Under the California act here before us, the Legislature has seen fit to extend the prohibition of carrying any concealed weapon of the designated class to "within any vehicle" as well as "upon his person." We see no reason why the same general interpretation of the meaning of the word "carry" as applied to the person should not equally apply to a vehicle. By including vehicles in the manner and place as contained in such act, the Legislature must have intended to likewise make it unlawful for any person to bear or hold about such vehicle any concealed weapon of the designated class in any way or fashion so connected with such vehicle that the locomotion of it would carry with it the weapon as concealed. (Thomas v. State, supra.)
We are not dissuaded from this conclusion by the case of In re Bergen (1923), 61 Cal. App. 226 [214 P. 521], as, so far as the matters before us are concerned, such case overlooked the authorities upon which we here rely, and we interpret the cases there listed as failing to support the proposition for which they are cited.

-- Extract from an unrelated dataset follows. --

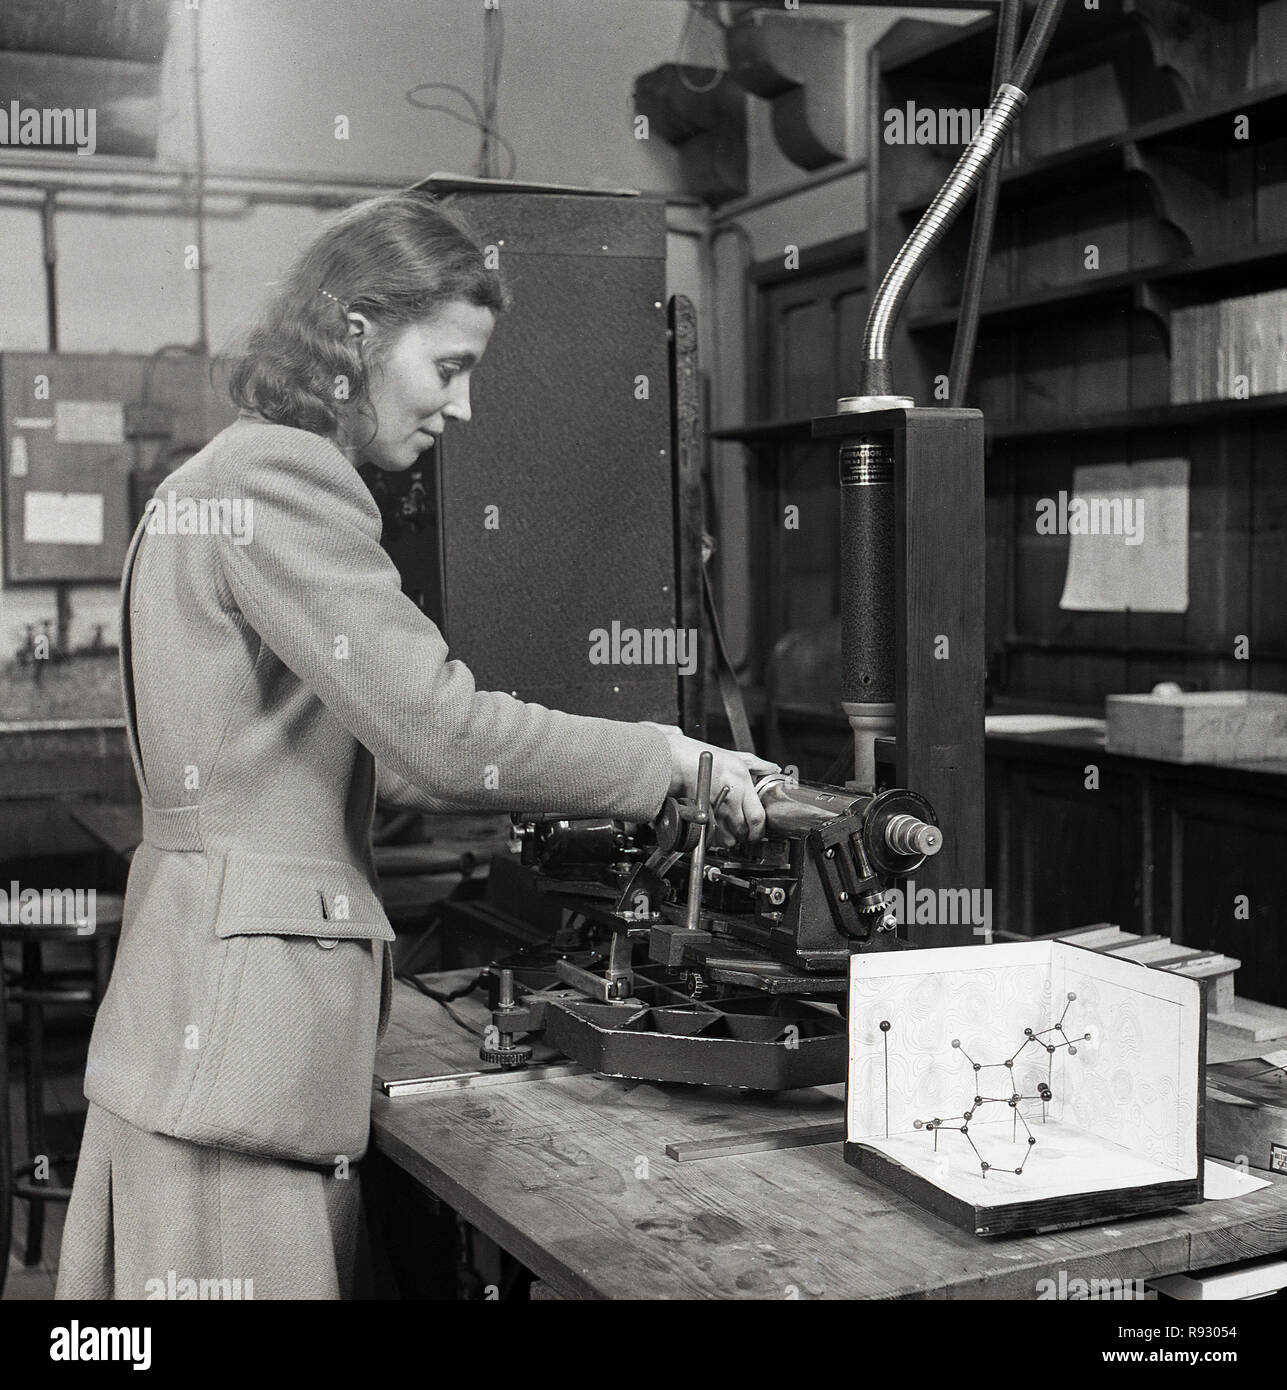 1948, historiques, une femelle scientst de recherche travaillant à l'Université d'Oxford, Angleterre, Royaume-Uni conduire une expérience. Banque D'Images

[5] The trial court was also entitled to infer from defendant's own testimony to the effect that the parking lot accommodations were furnished him as a part of the services to guests by his hotel, as well as from the fact the car was registered to him as owner and he was possessed of the keys to its locked doors and ignition, that such vehicle had been driven to and parked there by defendant. From these facts, as well as the evidence of the admission by the defendant at the time of the finding of the revolver to the effect that he had been robbed of $2,000 and he was looking for the man who did it, the court was justified in inferring that the weapon belonged to defendant and had been concealed by him in the closed glove compartment of the vehicle, and had been and was then being carried so concealed in such automobile. Such facts and inferences support the conclusion of the trial court in holding the defendant guilty of a violation of the act in question as charged in the complaint.
The judgment and order appealed from are affirmed.
Shaw, P. J., and Bishop, J., concurred.